5.2 Fatigue lifetime of tower and main bearings
Once all strain gauges have been calibrated and high-frequency measurements and SCADA are available, the long-term lifetime can be estimated over time, as shown in Fig. 6. Considering that failure is reached at unity, the basic lifetime of the main bearing L10 can be evaluated using Eq. (7).
Figure 6Fatigue damage accumulation of (a) the tower (structural component) and (b) the main bearings (rotating components) of the DTU research V52 turbine from 2016 to 2024 (inclusive). Fatigue damage was counted according to Eqs. (2) and (7). Charts have an absolute accumulation and a normalized y axis with respect to the end measured accumulated damage (DB is normalized based on the rear main bearing).
The front bearing L10,f is 282 years, and the rear bearing L10,r is 566 years. Similarly, the tower has an even larger lifetime of 2952 years. This significantly longer lifetime, compared to the design lifetime of 20 years proposed by IEC 61400-1 (2019), is in part justified by the low wind potential of the Risø site, as discussed in Sect. 3. However, it also points to the fact that older and smaller turbines, such as the DTU research V52 turbine, have long remaining useful lifetimes (RULs) of key components that should be considered in lifetime extension (LTE) decisions.

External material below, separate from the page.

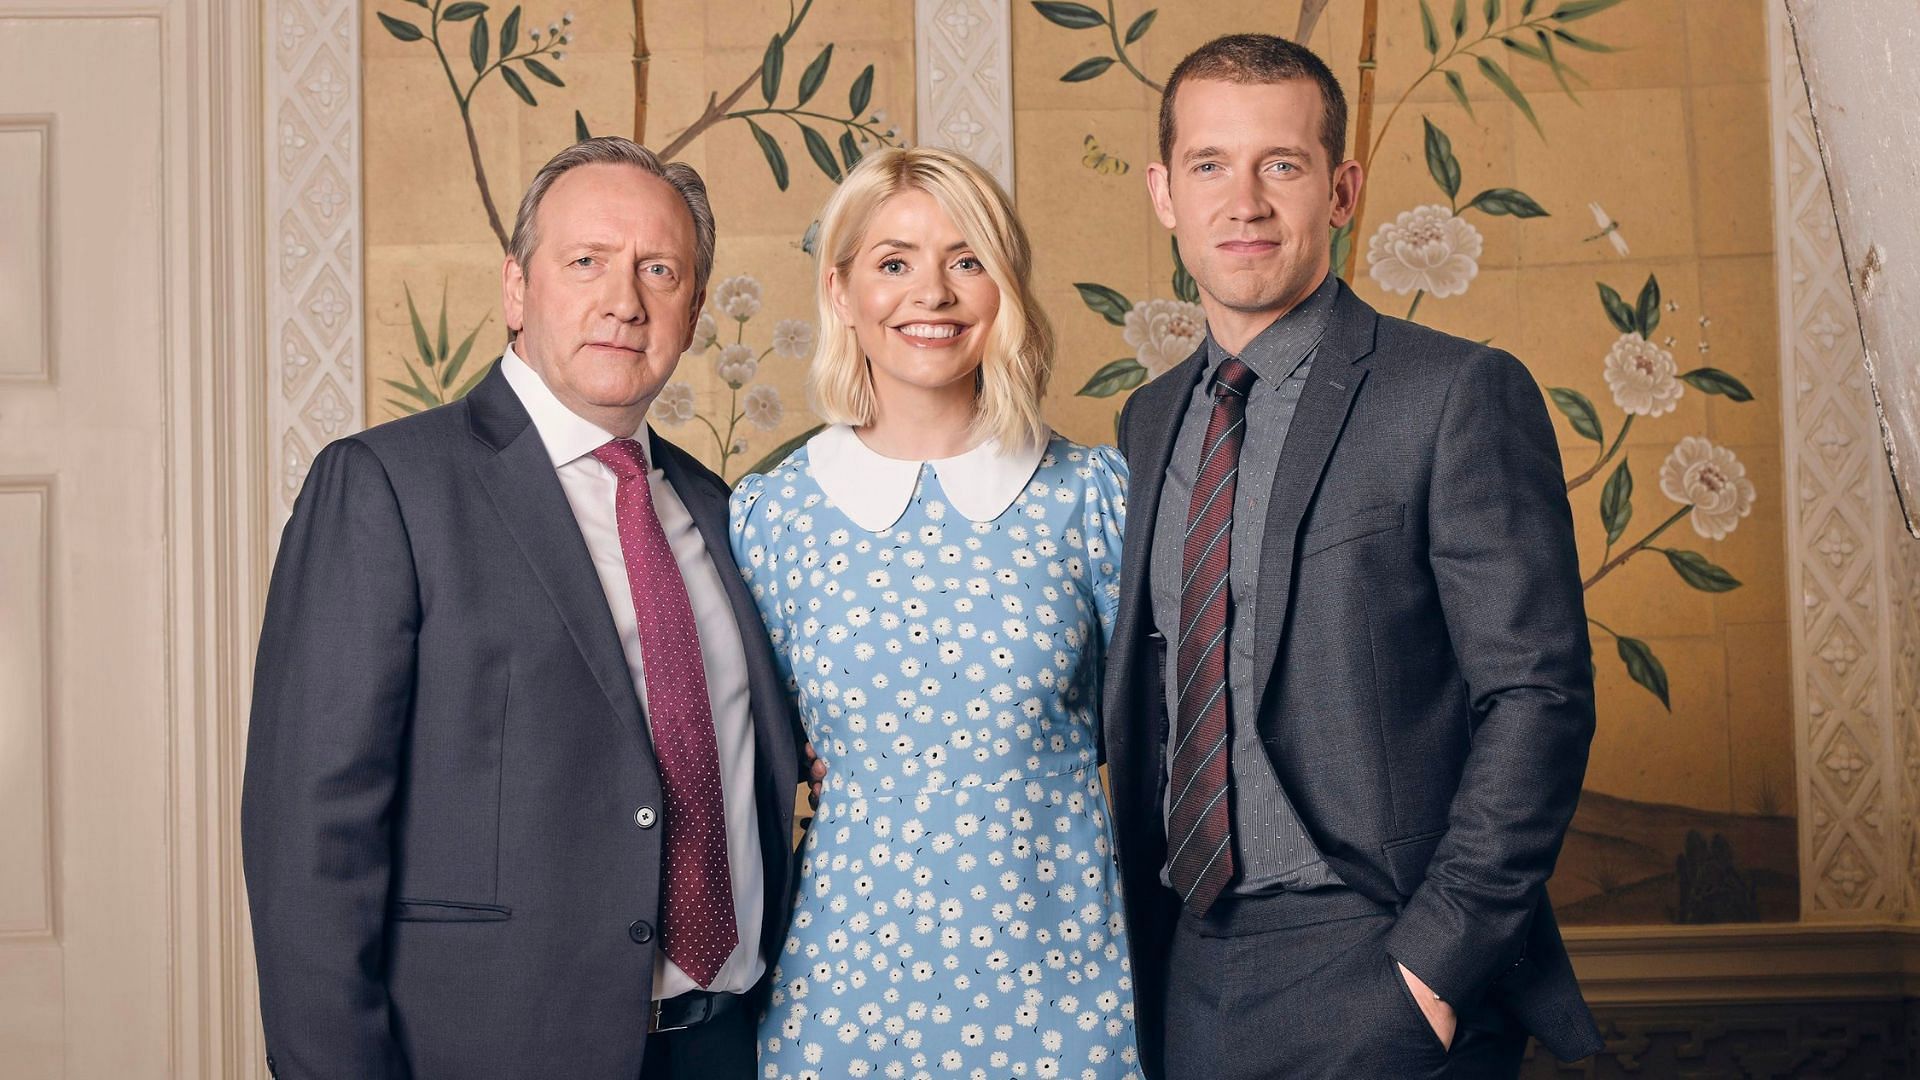 Expect to see a cameo by Holly Willoughby this season (Image via ITV)

5.2.1 Linear zero-drift assumption and simple uncertainty propagation to tower and main bearing lifetime
It is proposed to assume linear zero drift of the different strain gauge offsets as a single linear function or a combination of linear functions, which can be derived from continuous calibration factors over time. It is then important to quantify the uncertainty of this assumption in the life of the main bearings, which is based on the absolute load values P. The analysis was carried out by fitting the linear functions to the offsets and storing the residuals of the fit. Representative 10 min instances (DLCs 1.2, 3.1, and 4.1) were used to estimate the main bearing rating lifetime L10,j, assuming an offset with Gaussian distribution derived from the residuals from the fitting function. A total of 10 000 Monte Carlo iterations were then carried out, calculating L10,j based on a random selection of the offset Gaussian distribution. For all three instances, the standard deviation of both bearings L10,j was below 0.7 %. Similar analysis was carried out for the fore–aft fatigue load DEL, and even negligible standard deviation was found. Fatigue is not affected by the mean load value (as described in Eq. 2) and is therefore not sensitive to the offset, assuming there are no large yaw angle variations within 10 min instances; see Eq. (9).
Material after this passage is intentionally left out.